Statistics like standard deviation and SDI give the impression the results generated are being checked for degree of accuracy. But are they? Well not really, the mean is used as a surrogate for the correct value and the variation from that mean is then regarded as the degree of inaccuracy (bias).


But PT materials are not patient samples and often additional material is added to preserve and stabilize the samples. How do these additives change how samples react? To assume that closeness-to-peer indicates “correct” accurate results is to be overly optimistic-and wrong.


Additives - and even shipping and storage conditions-  introduce matrix  and other effects meaning the PT sample used to give you that “atta boy” is in fact not directly comparable or commutable to a fresh sample from your patient.


So what if we just made allowance for that knowledge, knowing PT is not perfect but it’s the best we can do right now?  However that assumption raises another issue. How can we be completely sure that our test system (say an analyzer with a certain reagent) is in fact producing accurate patient results. Calibrators and quality control material often have matrix effects as well. Then there is the additional issue of comparability among various test systems.


Suppose research shows that a clinical condition has certain cut points or diagnostic targets. Given the degree of uncertaintity and variation how can a clinician be confident making clinical decisions based on such results? We are already familiar with harmonization for cholesterol and with the use of INR (versus PT)  to guide warfarin anticoagulation. In both cases there is much less inter-laboratory variation than there used to be.


That brings us to the areas of accuracy and harmonization. Accuracy is “trueness of result” while harmonization is a system of ensuring results for an analyte are truly comparable; even performed by different methods, at different sites, on different platforms.


CAP has recently introduced Accuracy-Based Surveys for various analytes like lipids, Vitamin D, Creatinine, testosterone and Hemoglobin A1C.


Participation is a totally voluntary process and laboratories might not want to subject themselves to extra scrutiny and the possibility of “failing” even if results are within the peer group. One advantage of the Accuracy Based Program (ABP) is that manufacturers can re-evaluate their products (reagents and test system) and even revisit their calibration traceability.

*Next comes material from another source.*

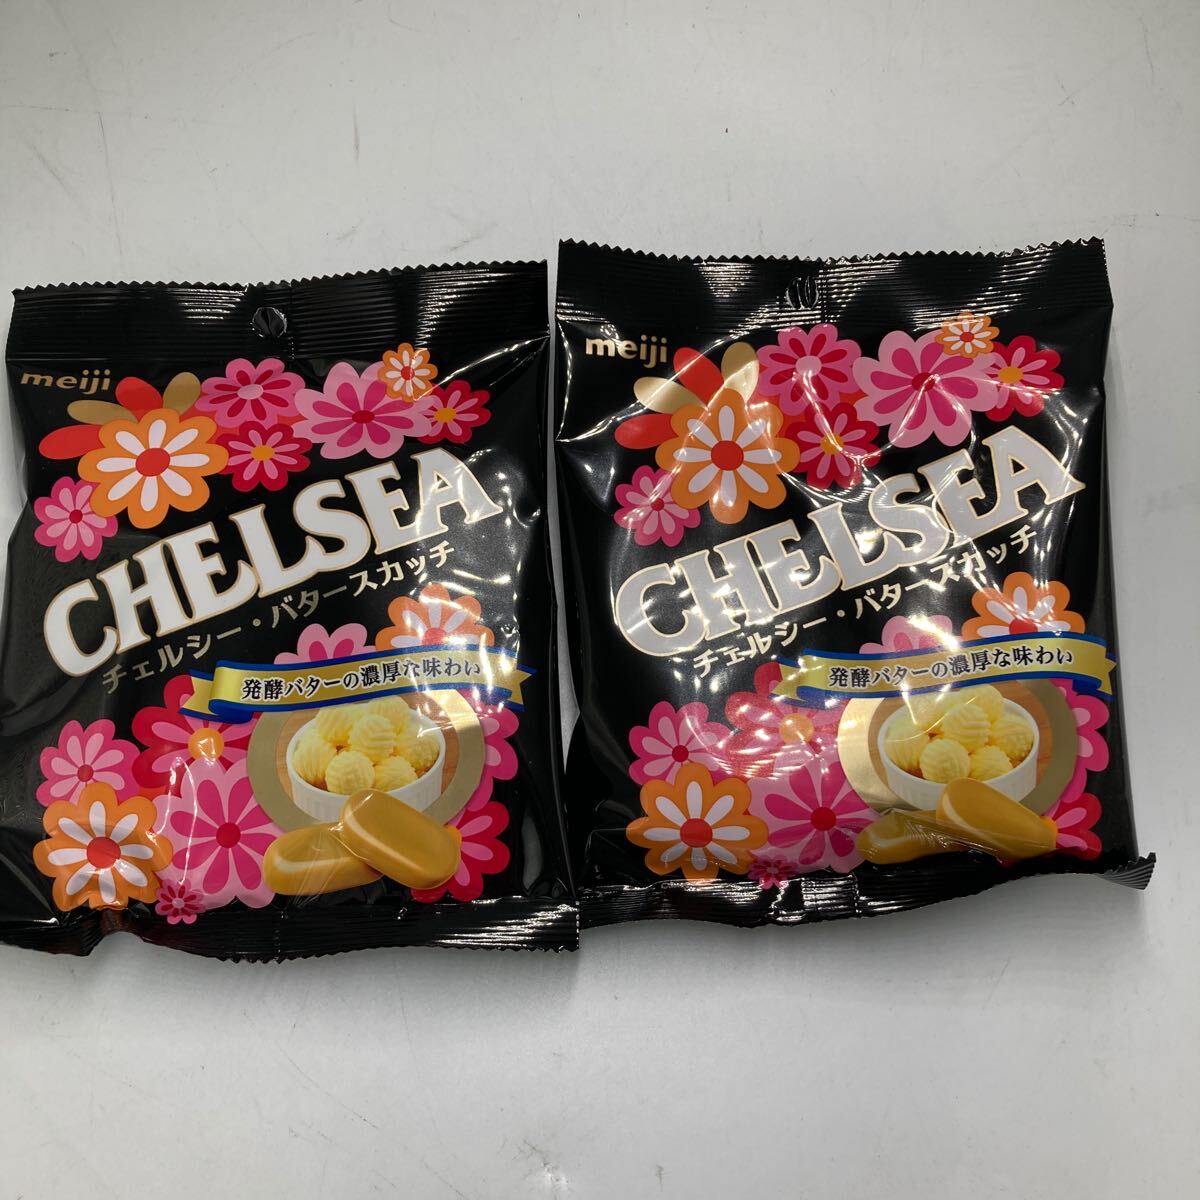 CHELSEA Chelsea butter ska chi

Wouldn’t it be wonderful if your PT results indicated how you were doing in an absolute sense, and not simply compared to your peer group who may have the same bias? Wouldn’t it be great to have tests systems giving equivalent results across platforms and laboratorians and clinicians having the confidence that their “numbers” are both accurate and comparable and can be used to confidently guide patient care decisions?



Interesting concept. I agree that is something we take for granted. Every once in a while there is no concensus among peers. Sometimes it is a numerical value and sometimes it is even qualitative or positive/negative. CAP will then claim it was due to storage or handling of PT  material by lab. But sometimes it's just an unstable PT to start with.